**PROBLEM REQUIREMENTS**
What you return should match the data word for word, minus the images.

++++ STORED DATA ++++

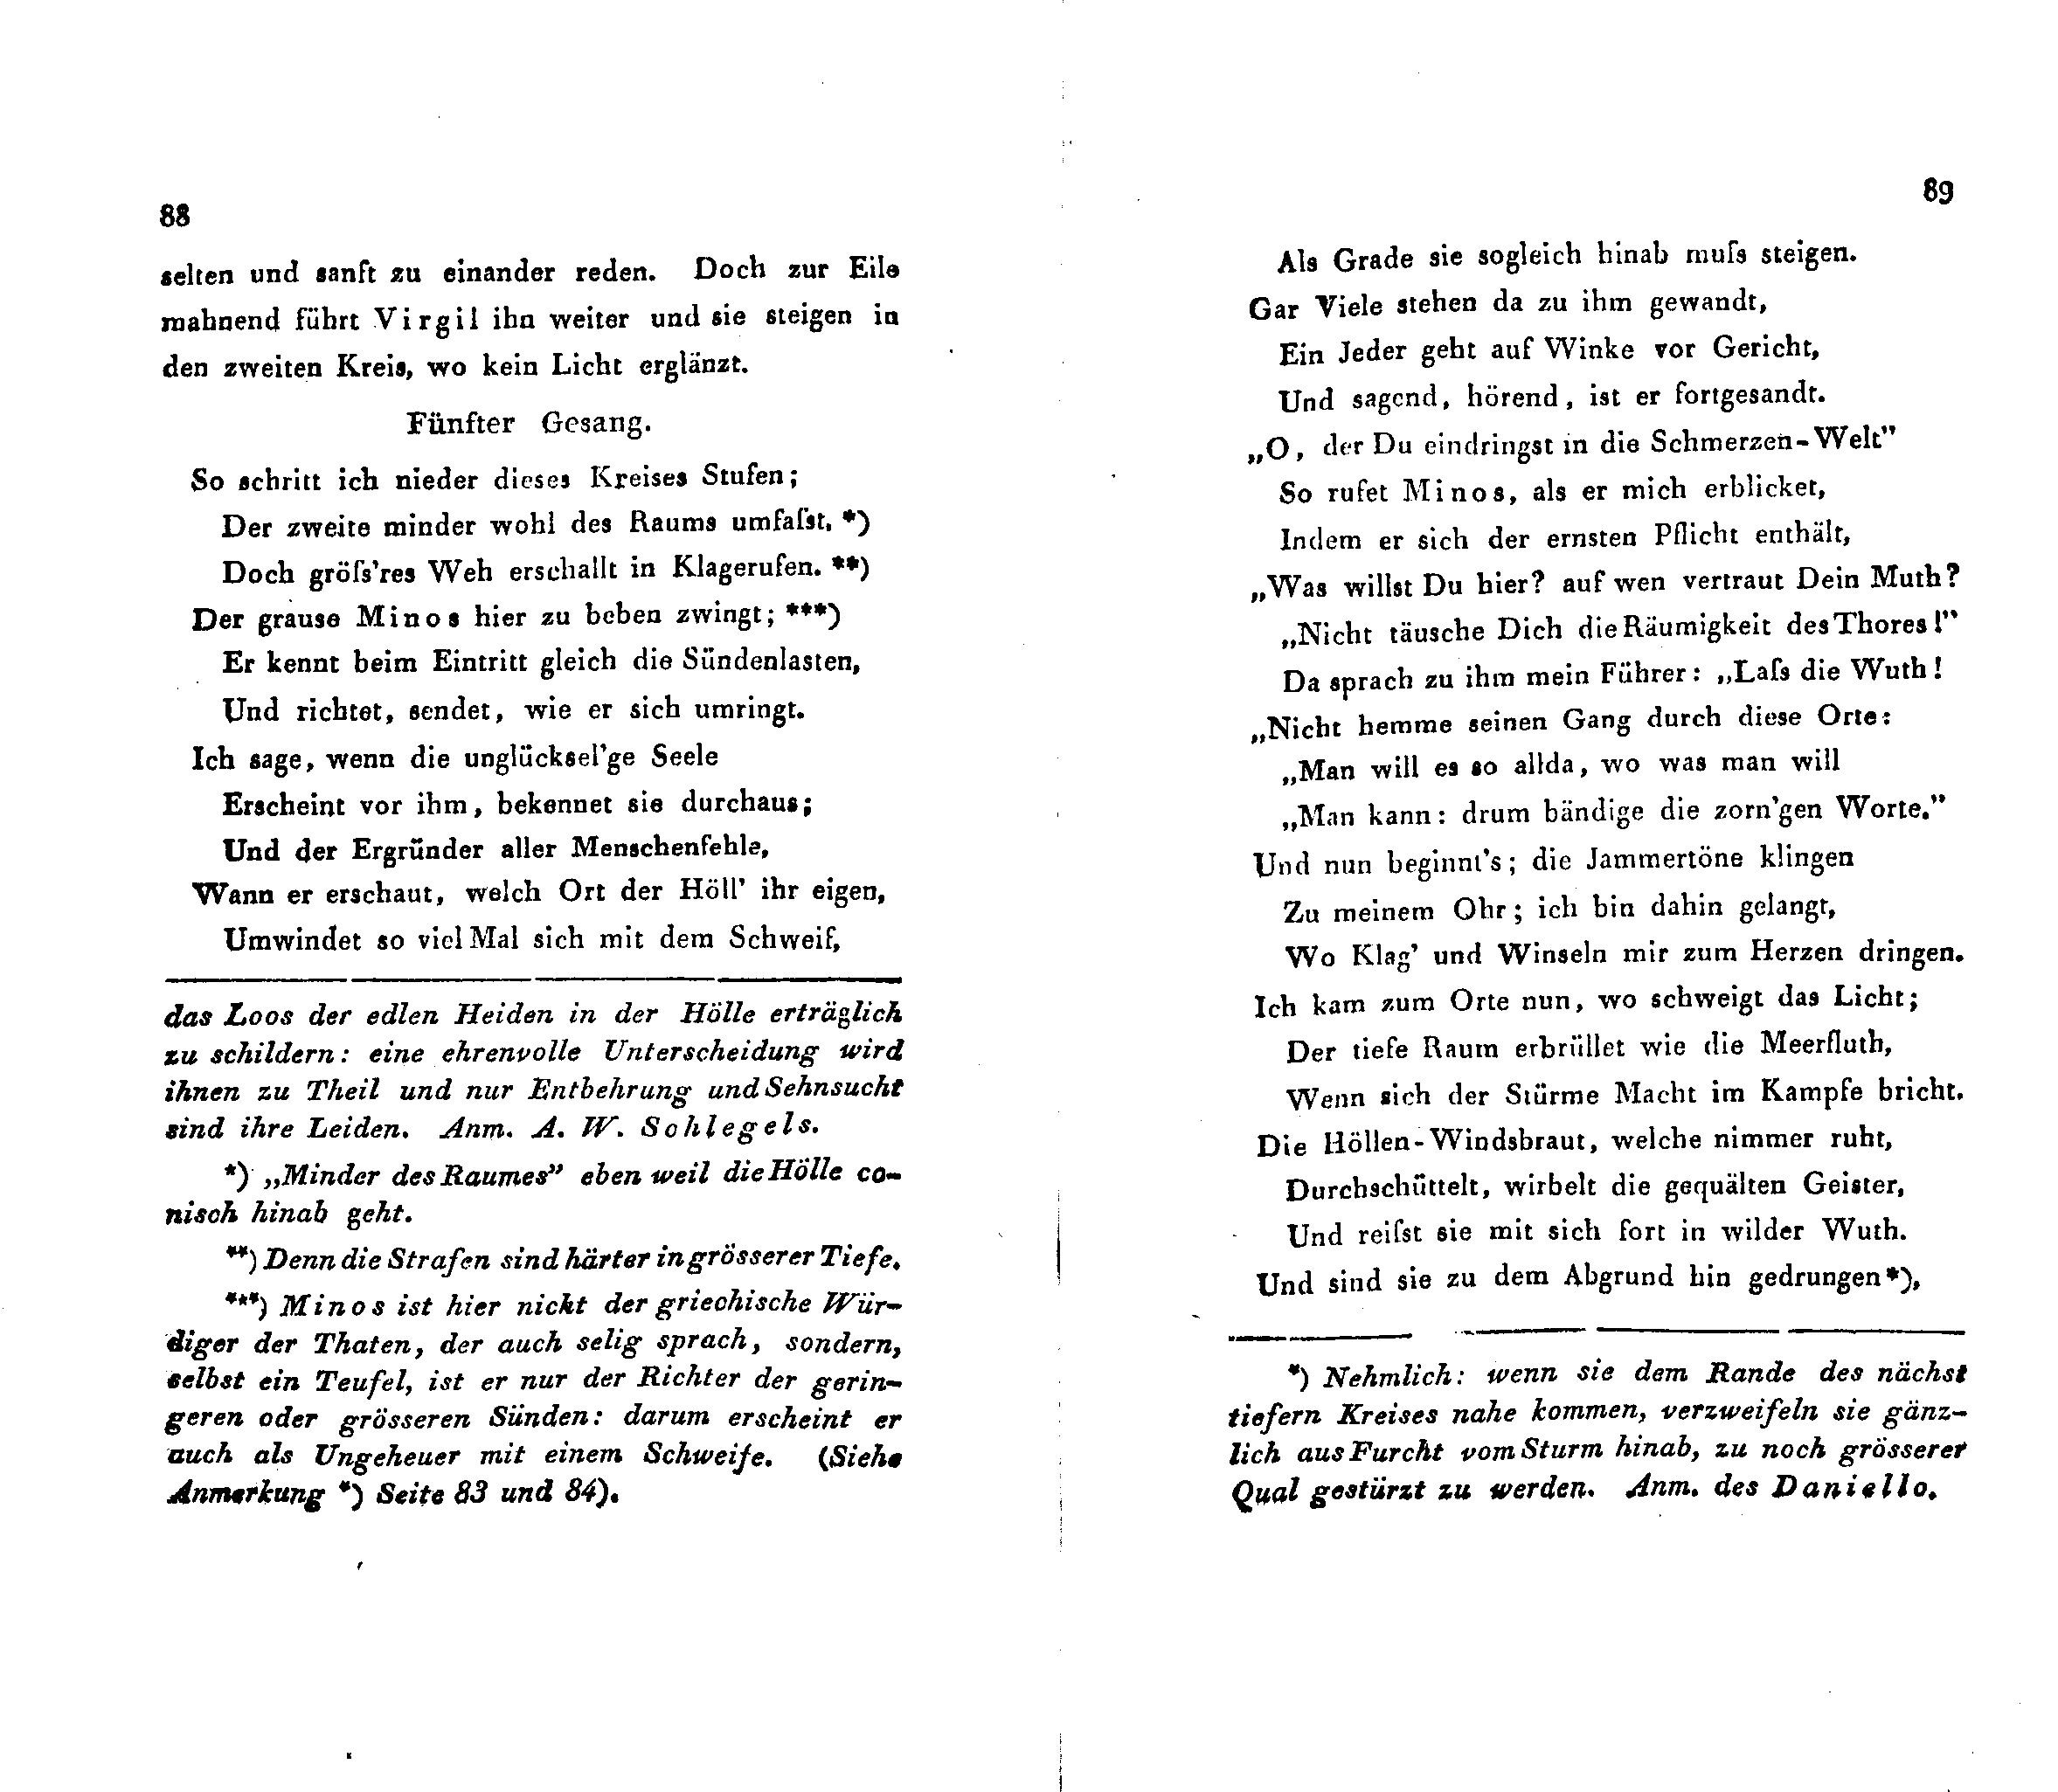 Ueber Dante Alighieri, seine Zeit und seine Divina Comedia [1] (1824) | 12. (88-89) Main body of text
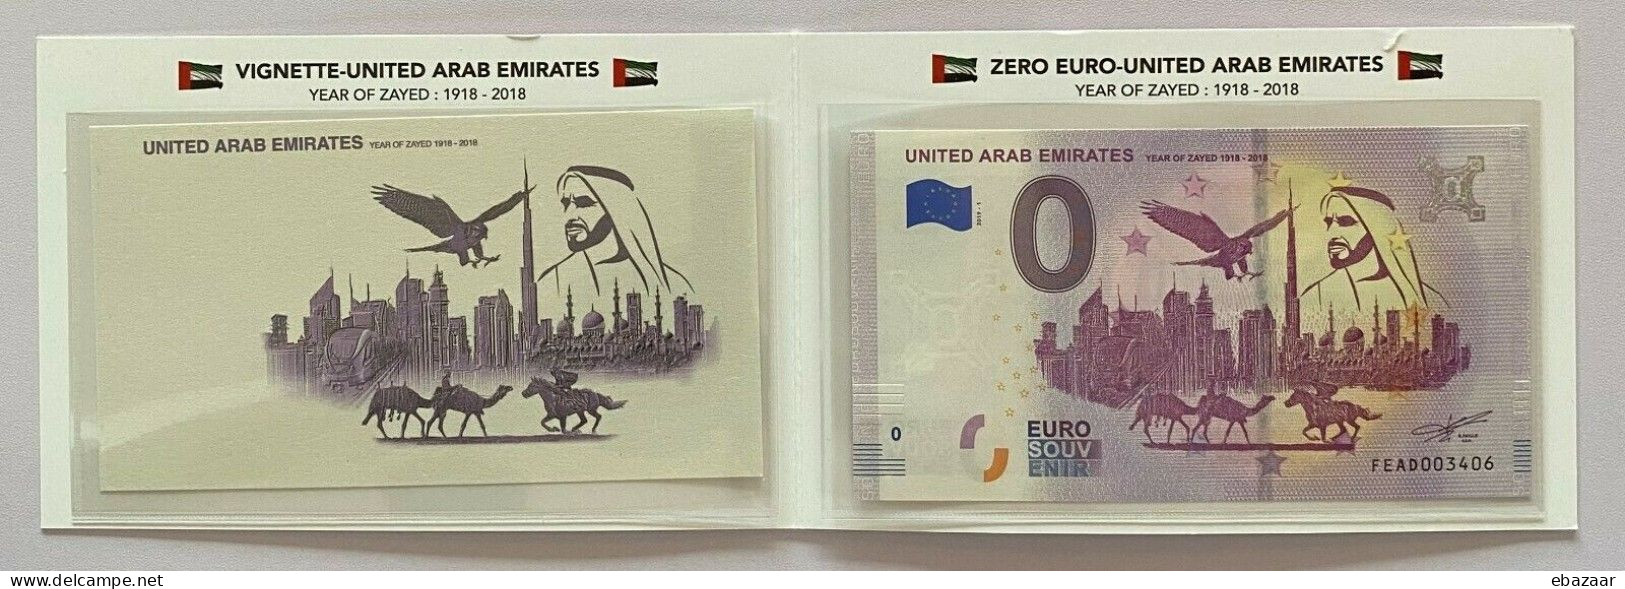 United Arab Emirates 2019 UAE Zero Euro Banknotes 0 Euro Year Of Zayed + Vignette In Folder UNC - Privatentwürfe
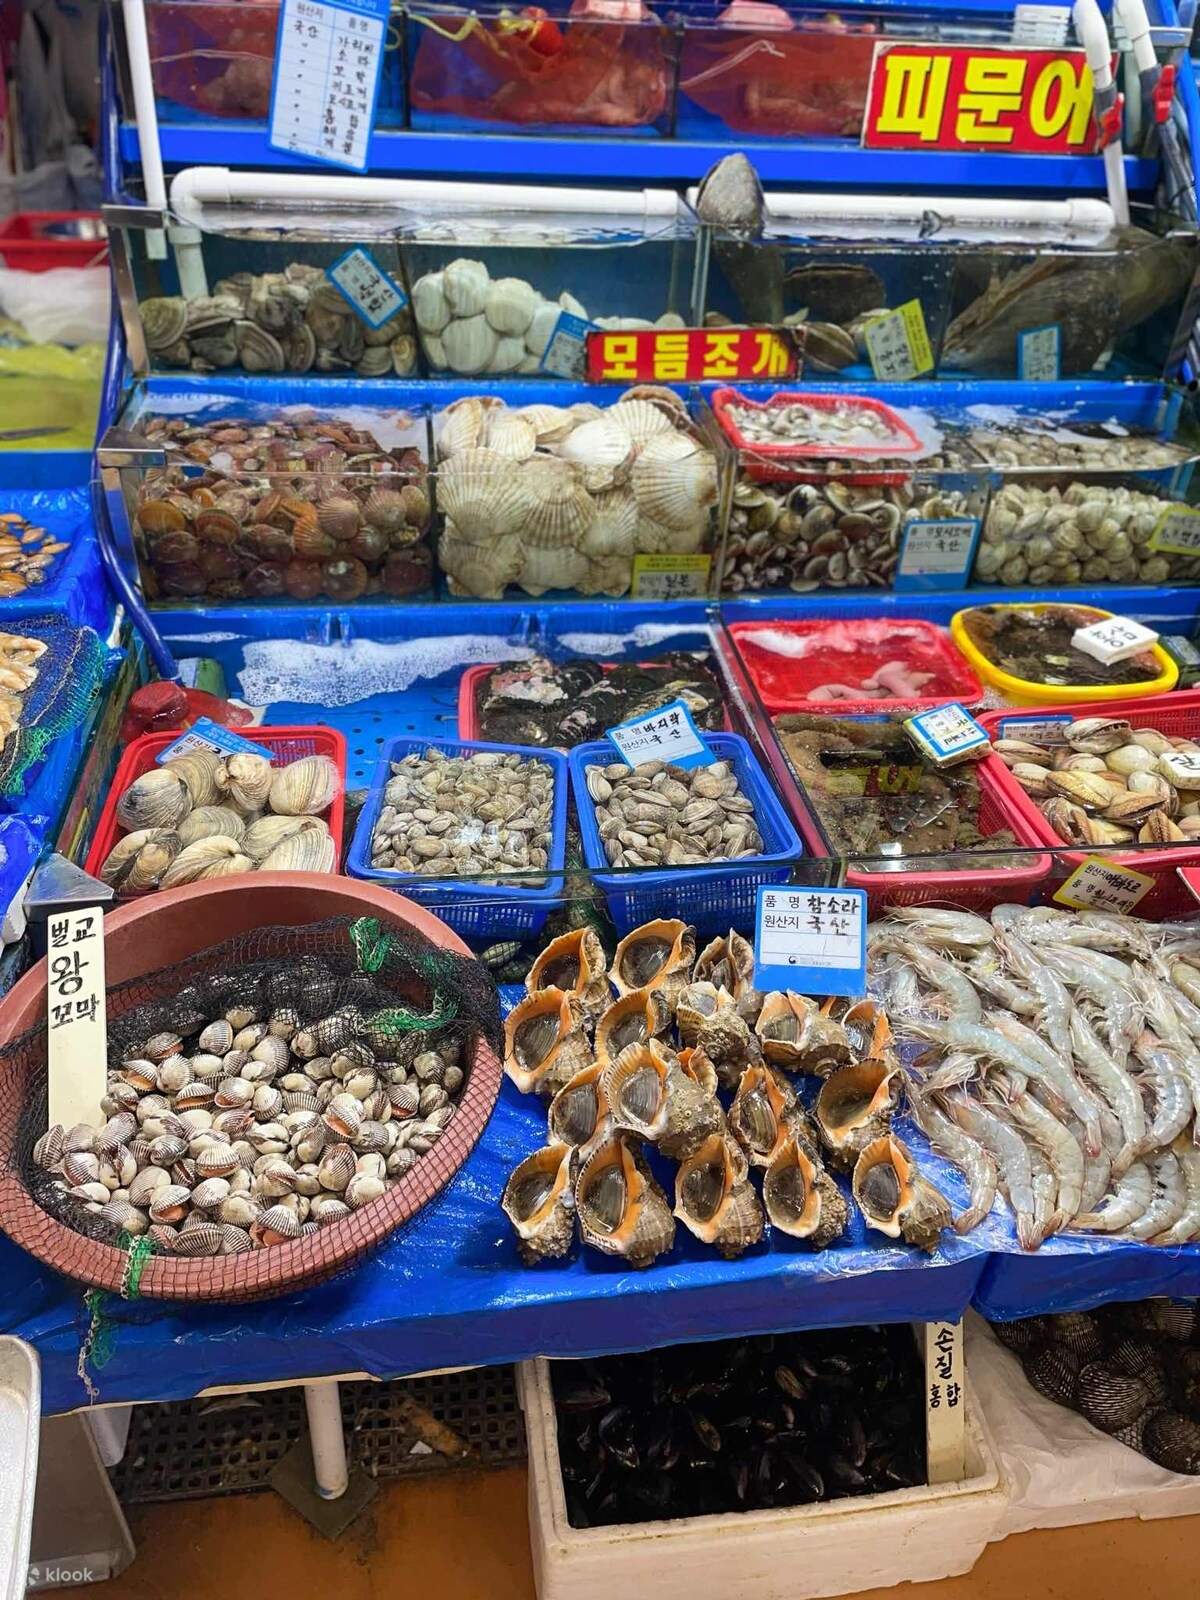 ทัวร์ชิมอาหารในตลาดปลาโนรยางจิน - Klook ประเทศไทย

++++

**WRITTEN SOLUTION**
 Ueber Dante Alighieri, seine Zeit und seine Divina Comedia [1] (1824) | 12. (88-89) Main body of text
 United Arab Emirates 2019 UAE Zero Euro Banknotes 0 Euro Year Of Zayed + Vignette In Folder UNC - Privatentwürfe
 ทัวร์ชิมอาหารในตลาดปลาโนรยางจิน - Klook ประเทศไทย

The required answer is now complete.